A JAMAICAN drug dealer who made thousands of pounds as he travelled from London to flood the North-East with crack cocaine has been ordered to pay back just £75.

Oneil Washington Ford was jailed for five years in April but was brought back to Teesside Crown Court to face a Proceeds of Crime Act confiscation.

Judge Peter Armstrong heard how 26-year-old Ford made more than £17,000 during six years of drug dealing, but had just £74.59 left in a bank account.

The judge made a confiscation order for the realisable amount after prosecutors accepted that Ford, of Melford Road, London, had spent the remainder.

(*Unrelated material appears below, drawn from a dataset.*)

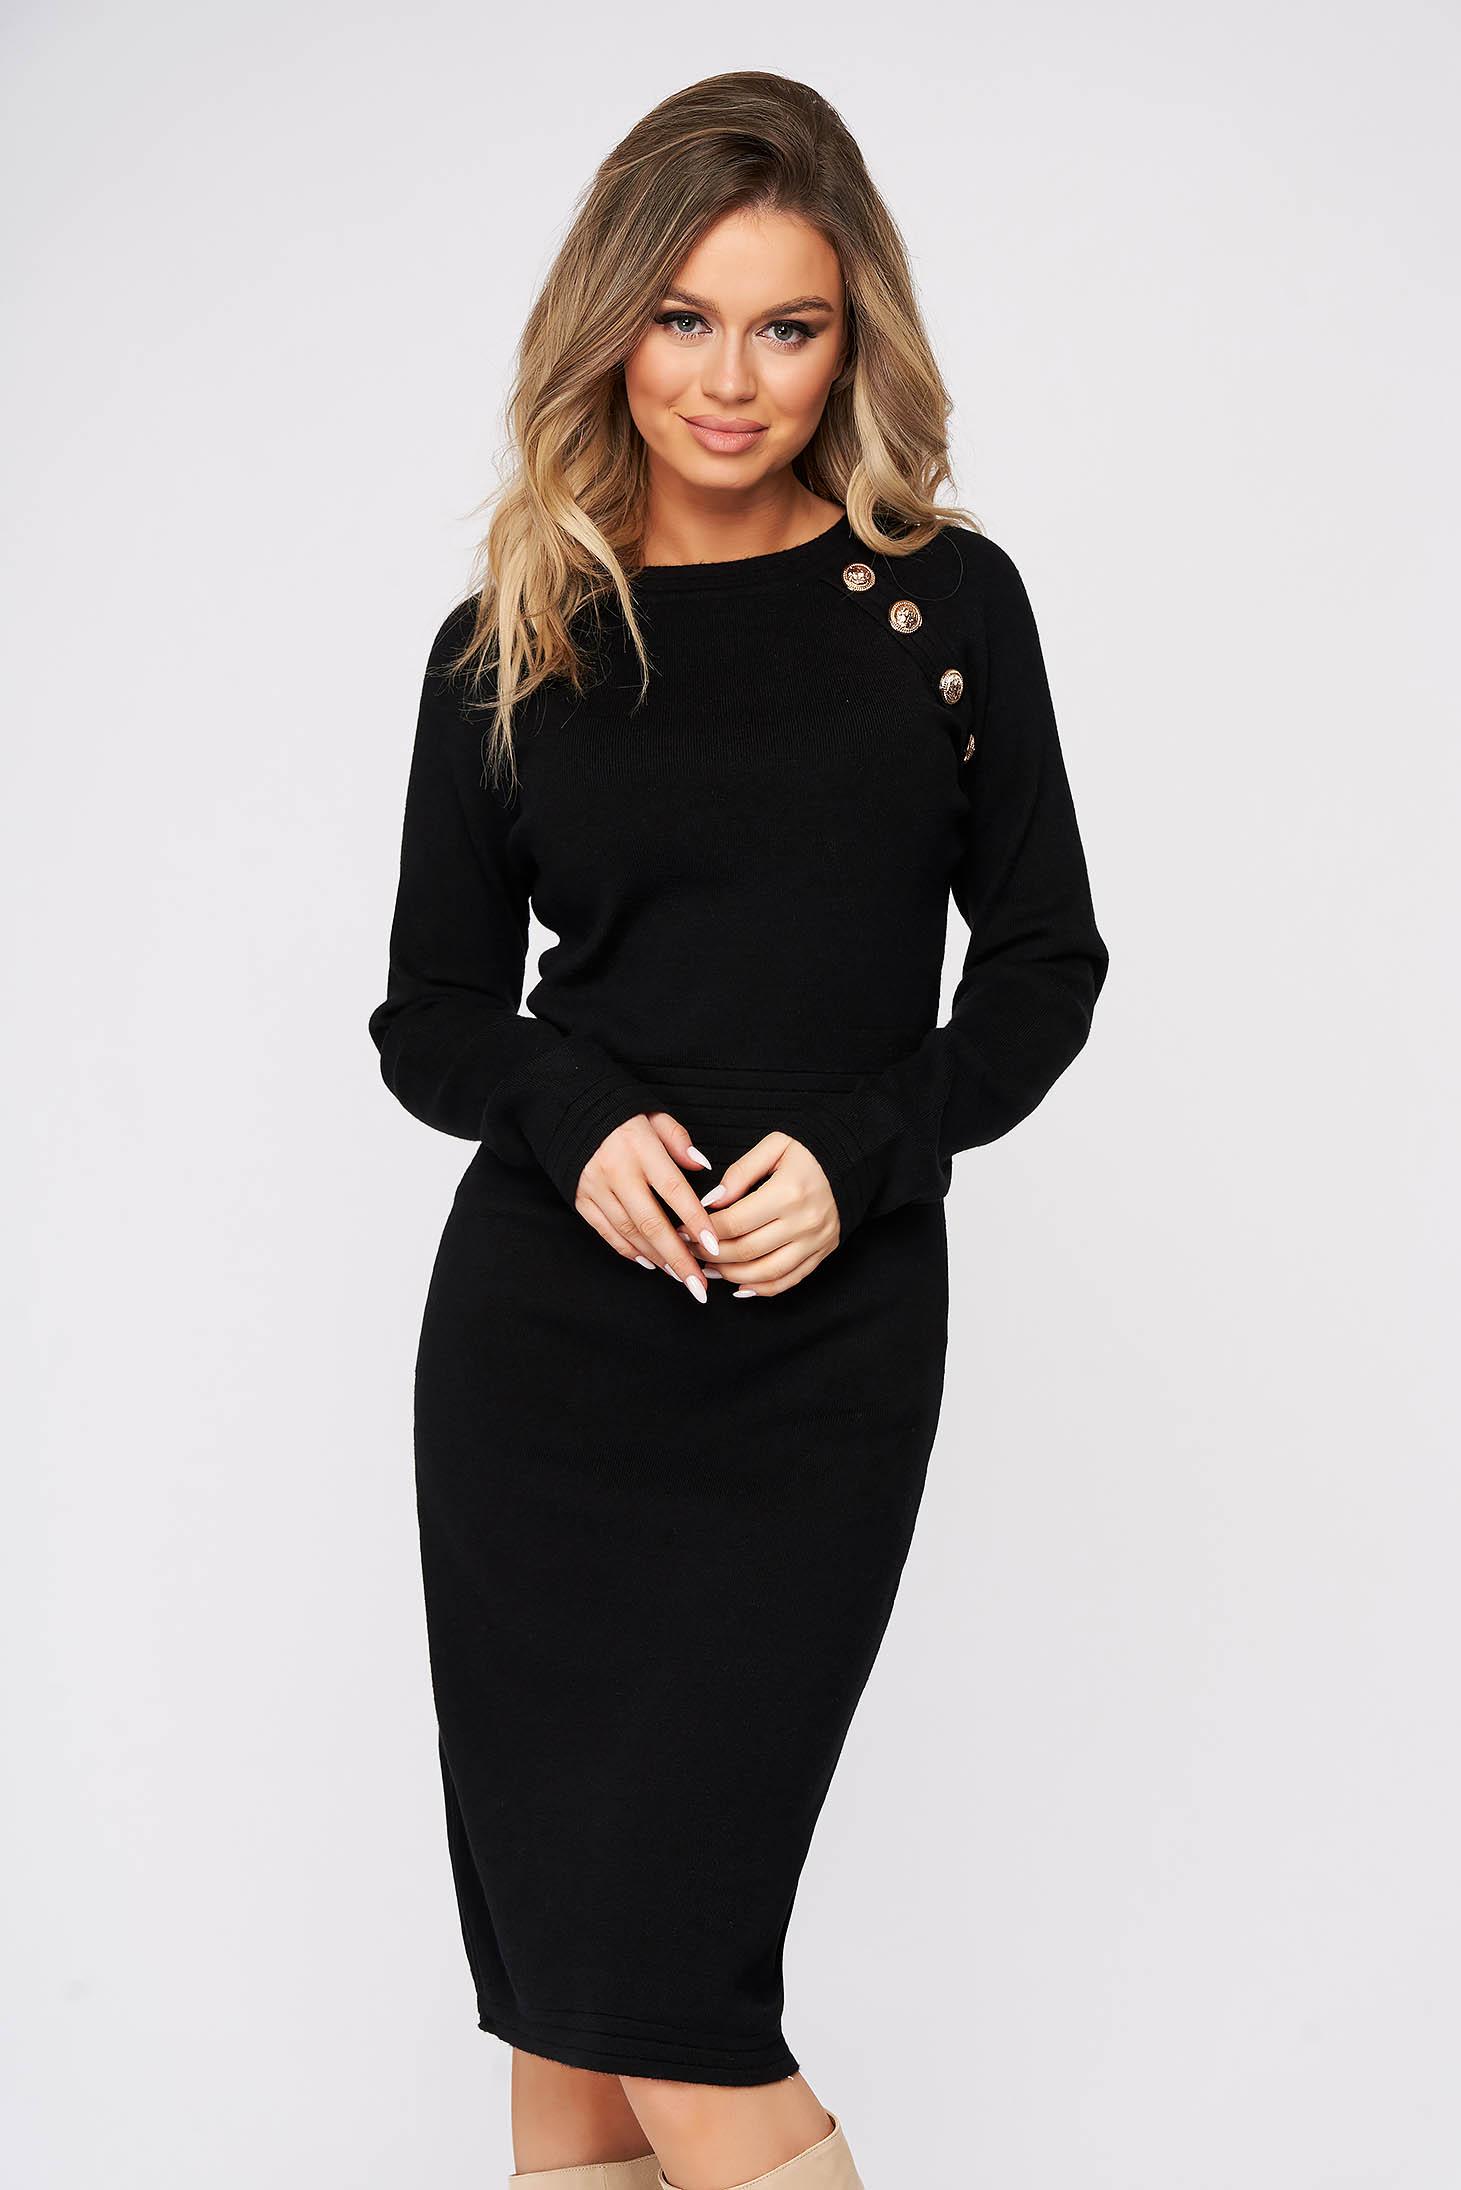 Rochie SunShine neagra midi tip creion din material tricotat accesorizata cu nasturi

Ford denied conspiring to supply crack cocaine in April last year, but a jury convicted him in March and he was sentenced by Recorder Martin Bethel, QC, a month later.

The court heard that he still protests his innocence and denies involvement in drug dealing, but Mr Recorder Bethel said his mitigation undermined his refusal to admit his guilt.

Ford's barrister, David Lamb, said the offence seemed to be "classic street-level dealing" and maintained his involvement appeared to on six occasions in one week.

"It would not appear that Mr Ford was out to corrupt or to introduce those drugs to anybody that hadn't taken them on a previous occasion," Mr Lamb told the court in April. "The dealing itself was over a very short period of time."

Mr Lamb added that Ford was unable to read and write and was a "fish out of water" and found it hard to integrate since coming to the UK from Jamaica in 1999.

He said Ford had not been in serious trouble before, found prison hard and missed his wife and children terribly.

Mr Recorder Bethel told Ford: "Far from tending to your family, you were travelling up repeatedly to Middlesbrough and dealing with drugs on the streets of Middlesbrough."

He added: "One of the greatest evils that our society in this country faces is the evil of drug use, and it seems particularly to be so in Middlesbrough.

"It is only because people supply drugs that people are able to take them."